You can download all of the safety information they publish by reading the following document. I have one printed out and ready for reading whenever I need it. 

http://www.csao.org/images/pfiles/16_M029.pdf

Also, on digging, don't think too much when you dig. Thinking makes you tired  Just keep digging.


----------



## rocksteady (Oct 8, 2008)

I never ask anything from somebody that I won't also do myself. That includes digging, crawling, attic work, dirty sewage, etc. If there's room for 2 people to dig, we both dig. If there's only room for one, we take turns. While it's nice to sit and rest, I get antsy watching somebody work.






Paul


----------



## LEAD INGOT (Jul 15, 2009)

Kid, I've been at it for 20 years. This summer I hand dug right around 25 houses, by myself. If it's kicking your ash that much it's time to quit plumbing, or get serious. Were not splitting atoms, or curing cancer, it's digging a hole in the Earth. Just one more of the necessary evils that come with it.


----------



## luv2plumb (Apr 30, 2010)

BigD said:


> On a serious note, as a 1st year apprentice, I come to the realization that I don't know everything, could you share some techiques with me. any advice, I would be in debted to you.:hang:


1st year apprentice huh......want some advice? how about you quit complaining and do your job. Every post you have made has been about how can you get out of work and make more money in a trade you just started in. 

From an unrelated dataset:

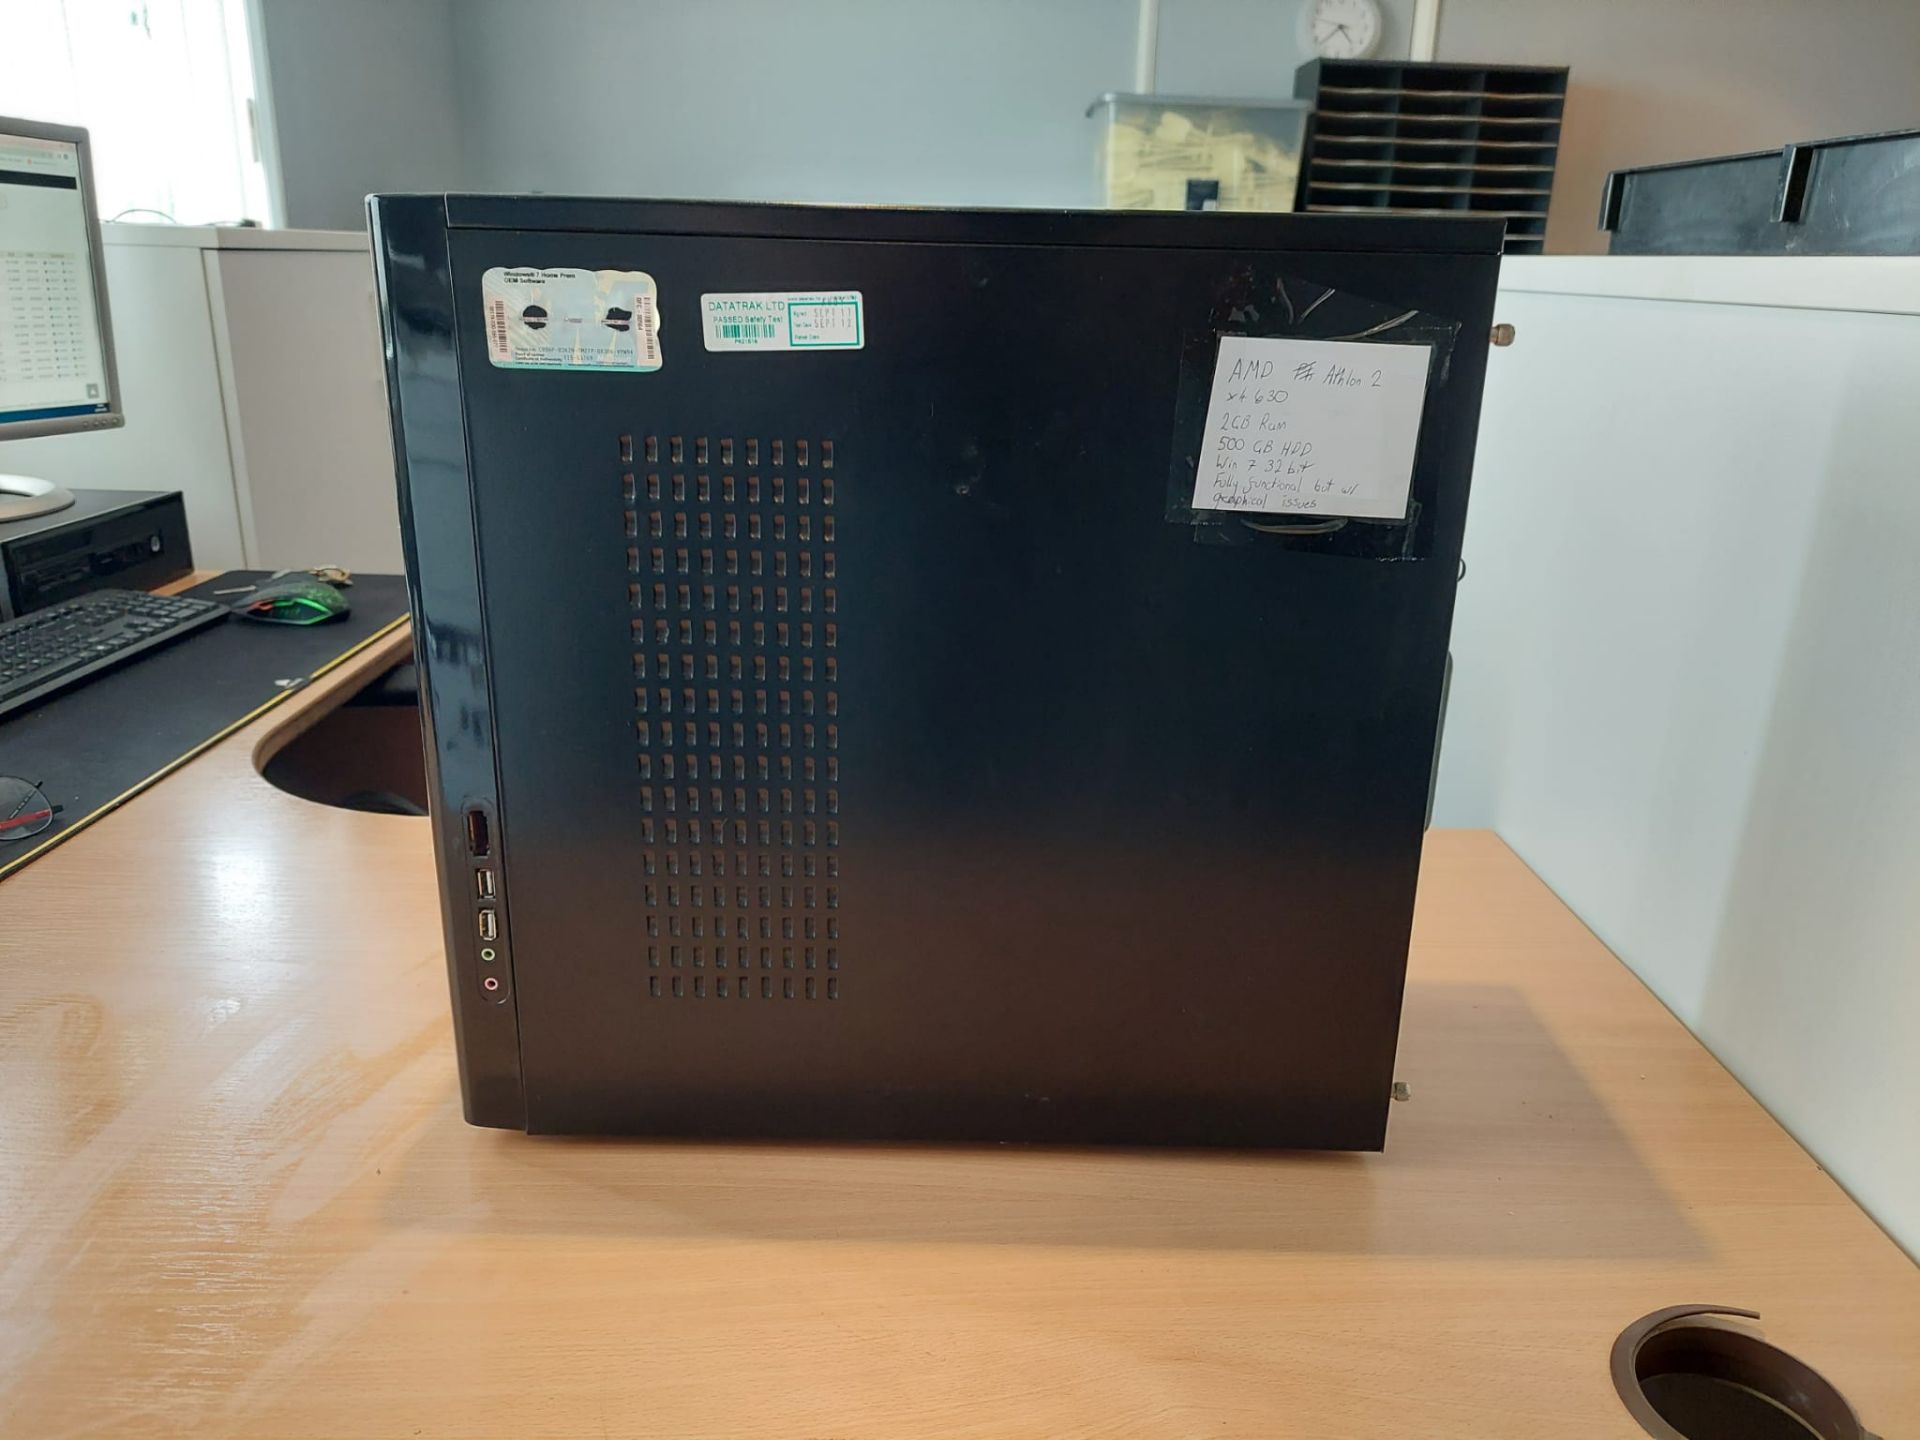 2010 Athlon II x4 360 PC (Has some issues) *NO VAT* - Image 4 of 12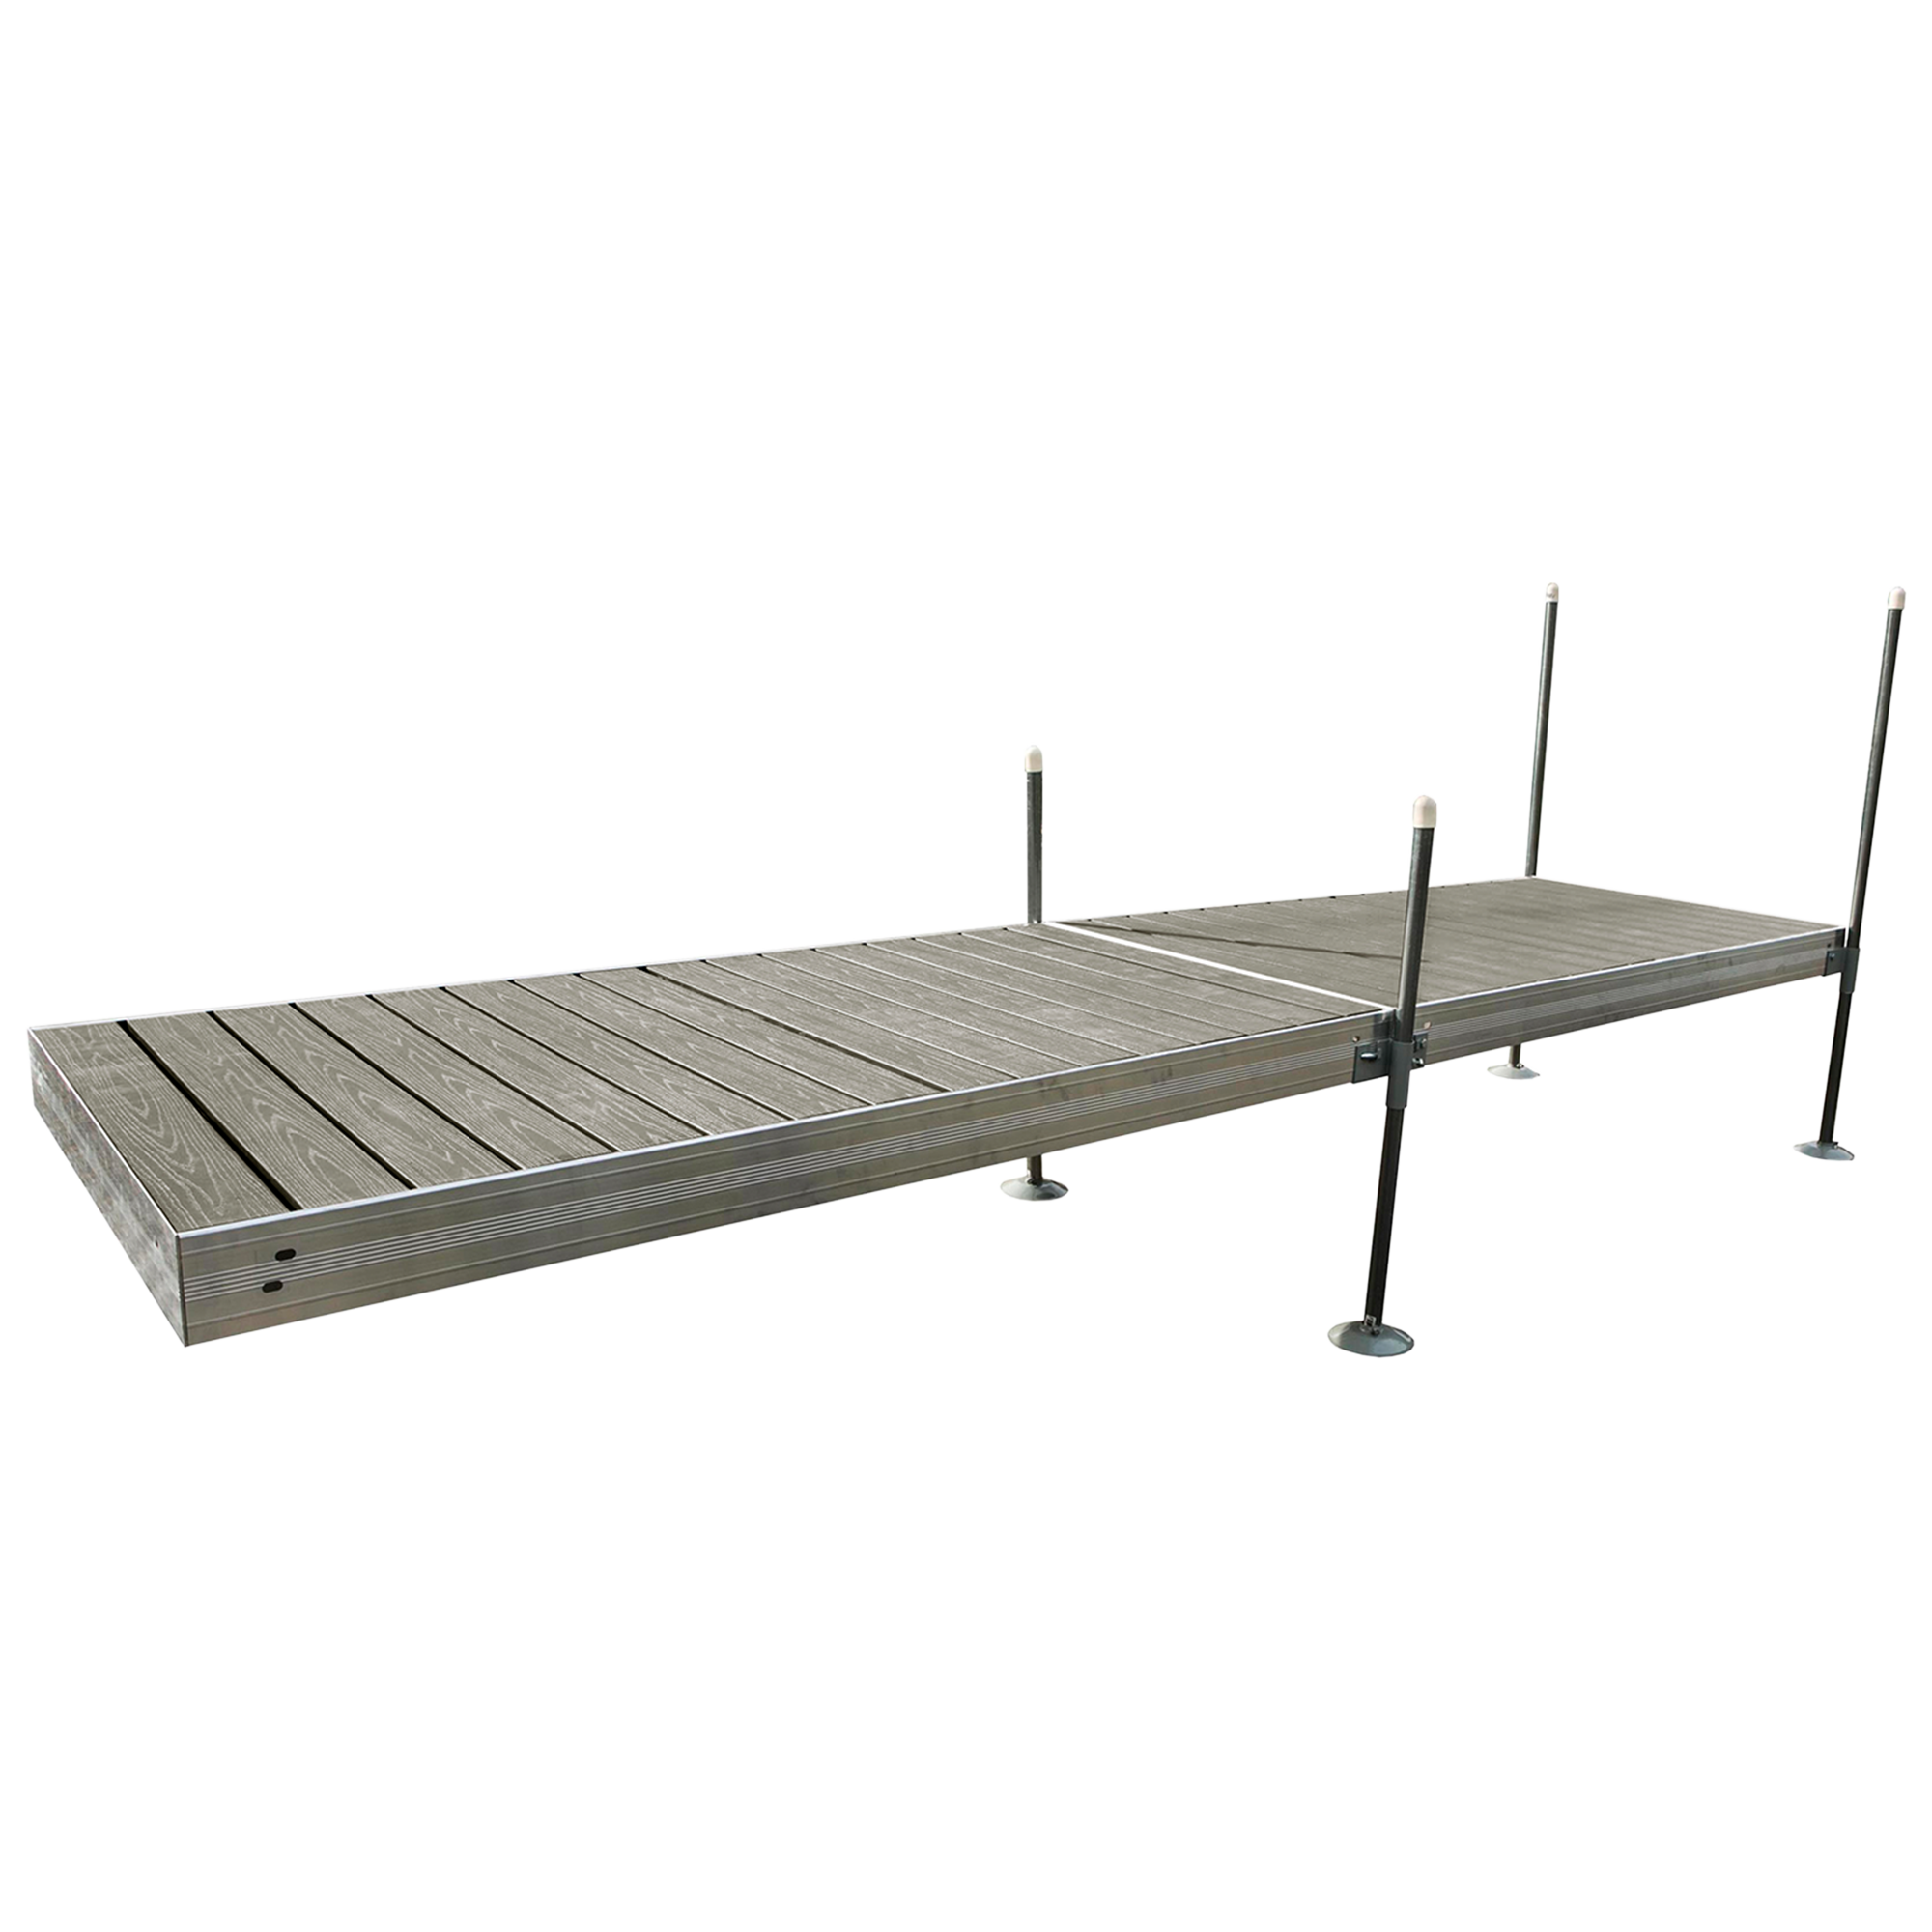 16' Straight Boat Dock System with Aluminum Frame and Gray Composite Decking

Dude it is getting old. If* YOU* do make it another 5 years you will still have to bust your ass everyday to do the job you love. After all being a plumber is not just a job...it is your livelihood.

Rant is now over....please continue.


----------



## Jeff (Oct 12, 2010)

Slickrick is correct, there is a technique to digging. I spent 3 years digging drain tiles, I learned a few thing's. Alway's use a wooden shovel, not the fiberglass junk, Sears is the best, break it re-turn it. The biggest tip I have is, I cut 1 1/2"
off both sides of the shovel, makes a night to day difference! Have Fun...


----------



## plbgbiz (Aug 27, 2010)

On a professional note, there is much to be taught and learned about hand digging. None of it will happen on a keyboard so I won't make the attempt.

On a personal note, you should search elsewhere for your career path and passion for it seems obvious your heart and mind are not prepared to conquer the trade of plumbing head on. And the trade of plumbing can not be conquered any other way. I wish you well.


----------



## plumbpro (Mar 10, 2010)

What happens when you have to use a jackhammer to dig? I have to agree with Biz, you may not be cut out for this kind of work. If it were easy, everyone would be plumbers.


----------



## bartnc37 (Feb 24, 2009)

I do mainly service and I usually have to look for my shovel every now and then to make sure i haven't lost it. Not saying i don't move some dirt from time to time but i really cant remember the last time i spent all day with a shovel in my hands. 
Granted around here our sewer-waters are 6 to 7 feet deep and most people are not going to pay me 100 bucks an hour to dig for two days when a mini can have the same thing done in a couple of hours.


----------



## plumbpro (Mar 10, 2010)

bartnc37 said:


> I do mainly service and I usually have to look for my shovel every now and then to make sure i haven't lost it. Not saying i don't move some dirt from time to time but i really cant remember the last time i spent all day with a shovel in my hands.
> Granted around here our sewer-waters are 6 to 7 feet deep and most people are not going to pay me 100 bucks an hour to dig for two days when a mini can have the same thing done in a couple of hours.


In the south the sewer is usually only a few inches deep to start, and our water lines only have to be 18" deep in N. Arkansas


----------



## woberkrom (Nov 19, 2010)

There are going to be days where you wish you could be digging instead of whatever it is you are in to.

It is natural to wonder about your future. It is natural to question if there isn't a better way (I guess there was a time before shovels, but that time may predate pipes).

I am not going to suggest you give up or try another profession, but I am going to suggest that you "give in" and give it your all. You'll get more out of it that way.

--Will


----------



## greenscoutII (Aug 27, 2008)

When I started as an apprentice, I did nothing but undergrounds for ten straight months. I have spent a lot of quality time with Jack Hammer and his girlfriend, Jenny Rater in my career.:thumbup:

To this day, I consider a shovel every bit as much one of my tools as I do anything else in my box.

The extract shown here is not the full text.